Data listing.
%%
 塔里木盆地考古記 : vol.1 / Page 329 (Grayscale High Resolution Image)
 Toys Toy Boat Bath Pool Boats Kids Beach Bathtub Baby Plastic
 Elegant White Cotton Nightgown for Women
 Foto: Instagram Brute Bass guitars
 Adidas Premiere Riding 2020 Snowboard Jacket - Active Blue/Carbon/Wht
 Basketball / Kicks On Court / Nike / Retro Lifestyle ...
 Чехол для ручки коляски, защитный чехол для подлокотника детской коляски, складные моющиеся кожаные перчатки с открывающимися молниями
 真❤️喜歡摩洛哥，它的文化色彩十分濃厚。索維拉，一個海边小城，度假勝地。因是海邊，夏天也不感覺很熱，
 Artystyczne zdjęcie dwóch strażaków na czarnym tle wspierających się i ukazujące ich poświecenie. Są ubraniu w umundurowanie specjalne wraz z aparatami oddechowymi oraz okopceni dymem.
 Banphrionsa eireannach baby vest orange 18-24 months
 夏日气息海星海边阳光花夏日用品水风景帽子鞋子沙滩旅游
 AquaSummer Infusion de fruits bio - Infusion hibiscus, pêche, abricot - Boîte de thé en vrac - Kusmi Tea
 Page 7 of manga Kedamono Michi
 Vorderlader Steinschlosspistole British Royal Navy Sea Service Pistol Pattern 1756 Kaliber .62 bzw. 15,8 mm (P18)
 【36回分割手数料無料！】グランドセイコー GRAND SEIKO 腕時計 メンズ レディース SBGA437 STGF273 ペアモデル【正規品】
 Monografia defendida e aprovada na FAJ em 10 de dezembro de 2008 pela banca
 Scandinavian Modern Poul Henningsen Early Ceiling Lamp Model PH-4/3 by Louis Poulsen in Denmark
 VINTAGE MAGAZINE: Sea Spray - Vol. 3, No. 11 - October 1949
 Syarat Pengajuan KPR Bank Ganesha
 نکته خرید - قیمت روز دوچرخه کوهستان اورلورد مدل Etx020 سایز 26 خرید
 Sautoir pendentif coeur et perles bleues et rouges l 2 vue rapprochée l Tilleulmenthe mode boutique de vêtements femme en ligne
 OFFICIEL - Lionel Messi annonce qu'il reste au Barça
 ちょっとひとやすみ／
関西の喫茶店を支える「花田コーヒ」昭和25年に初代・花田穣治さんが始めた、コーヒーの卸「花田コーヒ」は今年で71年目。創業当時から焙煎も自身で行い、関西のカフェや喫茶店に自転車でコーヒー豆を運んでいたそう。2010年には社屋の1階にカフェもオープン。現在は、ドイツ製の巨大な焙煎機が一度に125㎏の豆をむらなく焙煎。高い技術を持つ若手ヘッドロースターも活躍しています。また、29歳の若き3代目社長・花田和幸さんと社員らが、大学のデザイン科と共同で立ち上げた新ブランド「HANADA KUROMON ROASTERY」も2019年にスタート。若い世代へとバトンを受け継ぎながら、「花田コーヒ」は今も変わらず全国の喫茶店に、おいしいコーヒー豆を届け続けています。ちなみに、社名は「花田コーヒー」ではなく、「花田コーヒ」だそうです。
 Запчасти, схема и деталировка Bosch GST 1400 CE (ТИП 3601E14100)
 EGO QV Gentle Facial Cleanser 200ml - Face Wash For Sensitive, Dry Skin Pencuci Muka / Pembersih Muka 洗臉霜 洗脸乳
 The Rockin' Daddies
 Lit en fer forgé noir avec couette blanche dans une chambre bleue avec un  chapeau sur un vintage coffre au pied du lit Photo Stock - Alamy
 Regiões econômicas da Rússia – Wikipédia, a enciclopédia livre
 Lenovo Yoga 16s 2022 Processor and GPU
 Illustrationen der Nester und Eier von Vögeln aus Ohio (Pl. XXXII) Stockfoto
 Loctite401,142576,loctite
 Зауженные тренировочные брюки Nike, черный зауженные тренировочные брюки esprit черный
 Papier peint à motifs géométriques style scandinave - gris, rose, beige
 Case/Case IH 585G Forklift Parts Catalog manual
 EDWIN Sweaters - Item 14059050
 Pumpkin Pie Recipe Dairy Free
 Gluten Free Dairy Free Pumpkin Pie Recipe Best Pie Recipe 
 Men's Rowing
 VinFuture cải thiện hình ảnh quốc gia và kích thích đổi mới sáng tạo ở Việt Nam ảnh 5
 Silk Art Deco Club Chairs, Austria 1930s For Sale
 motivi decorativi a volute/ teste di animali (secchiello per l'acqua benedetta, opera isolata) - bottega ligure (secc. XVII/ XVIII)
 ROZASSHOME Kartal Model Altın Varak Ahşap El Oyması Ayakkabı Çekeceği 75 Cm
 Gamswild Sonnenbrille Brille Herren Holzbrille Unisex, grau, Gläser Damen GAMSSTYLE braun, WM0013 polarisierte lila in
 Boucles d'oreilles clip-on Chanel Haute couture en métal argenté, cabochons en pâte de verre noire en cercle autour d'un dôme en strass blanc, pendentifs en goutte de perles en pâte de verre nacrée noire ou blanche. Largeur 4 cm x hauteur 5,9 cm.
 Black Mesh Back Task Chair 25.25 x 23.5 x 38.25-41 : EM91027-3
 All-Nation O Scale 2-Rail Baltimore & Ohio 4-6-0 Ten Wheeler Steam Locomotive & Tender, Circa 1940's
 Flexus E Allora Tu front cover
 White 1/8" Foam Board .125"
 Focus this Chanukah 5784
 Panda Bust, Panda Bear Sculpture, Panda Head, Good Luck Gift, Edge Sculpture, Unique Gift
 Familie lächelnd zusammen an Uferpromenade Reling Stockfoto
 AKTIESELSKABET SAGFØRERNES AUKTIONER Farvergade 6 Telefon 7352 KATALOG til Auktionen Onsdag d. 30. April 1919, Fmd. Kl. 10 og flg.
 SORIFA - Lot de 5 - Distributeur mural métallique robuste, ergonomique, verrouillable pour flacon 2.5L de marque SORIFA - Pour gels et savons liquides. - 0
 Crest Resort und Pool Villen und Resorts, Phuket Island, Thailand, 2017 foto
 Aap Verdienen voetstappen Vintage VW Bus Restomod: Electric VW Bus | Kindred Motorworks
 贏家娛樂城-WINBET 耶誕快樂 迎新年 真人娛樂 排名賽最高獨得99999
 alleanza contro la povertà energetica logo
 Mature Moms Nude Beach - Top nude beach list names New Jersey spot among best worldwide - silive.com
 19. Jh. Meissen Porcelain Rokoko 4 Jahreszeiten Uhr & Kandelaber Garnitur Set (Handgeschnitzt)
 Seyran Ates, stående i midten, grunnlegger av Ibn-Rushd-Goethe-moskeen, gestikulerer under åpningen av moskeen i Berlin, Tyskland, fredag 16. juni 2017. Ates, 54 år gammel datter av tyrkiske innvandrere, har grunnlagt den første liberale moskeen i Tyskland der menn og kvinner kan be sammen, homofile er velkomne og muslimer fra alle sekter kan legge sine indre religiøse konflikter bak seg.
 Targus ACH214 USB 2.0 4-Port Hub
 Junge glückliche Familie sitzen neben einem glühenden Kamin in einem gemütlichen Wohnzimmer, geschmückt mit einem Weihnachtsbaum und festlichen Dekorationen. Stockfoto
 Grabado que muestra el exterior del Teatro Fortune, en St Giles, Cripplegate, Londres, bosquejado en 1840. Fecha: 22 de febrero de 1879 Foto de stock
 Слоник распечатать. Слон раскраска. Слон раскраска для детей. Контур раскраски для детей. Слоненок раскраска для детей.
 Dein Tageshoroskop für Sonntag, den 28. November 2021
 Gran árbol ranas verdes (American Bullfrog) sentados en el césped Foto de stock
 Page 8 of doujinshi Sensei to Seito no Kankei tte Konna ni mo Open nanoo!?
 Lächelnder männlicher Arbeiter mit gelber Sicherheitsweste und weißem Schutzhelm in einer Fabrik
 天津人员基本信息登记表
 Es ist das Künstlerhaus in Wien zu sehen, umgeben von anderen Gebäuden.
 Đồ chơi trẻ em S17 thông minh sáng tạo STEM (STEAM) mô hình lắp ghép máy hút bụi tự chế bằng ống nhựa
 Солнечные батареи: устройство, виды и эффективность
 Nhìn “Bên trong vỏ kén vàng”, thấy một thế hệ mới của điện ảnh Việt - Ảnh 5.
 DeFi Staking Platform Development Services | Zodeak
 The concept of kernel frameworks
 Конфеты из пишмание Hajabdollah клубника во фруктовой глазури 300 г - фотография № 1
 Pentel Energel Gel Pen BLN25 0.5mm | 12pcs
%%
Task statement.
Write out every line from the data above that includes "Pool".

Task solution.
 Toys Toy Boat Bath Pool Boats Kids Beach Bathtub Baby Plastic
 Crest Resort und Pool Villen und Resorts, Phuket Island, Thailand, 2017 foto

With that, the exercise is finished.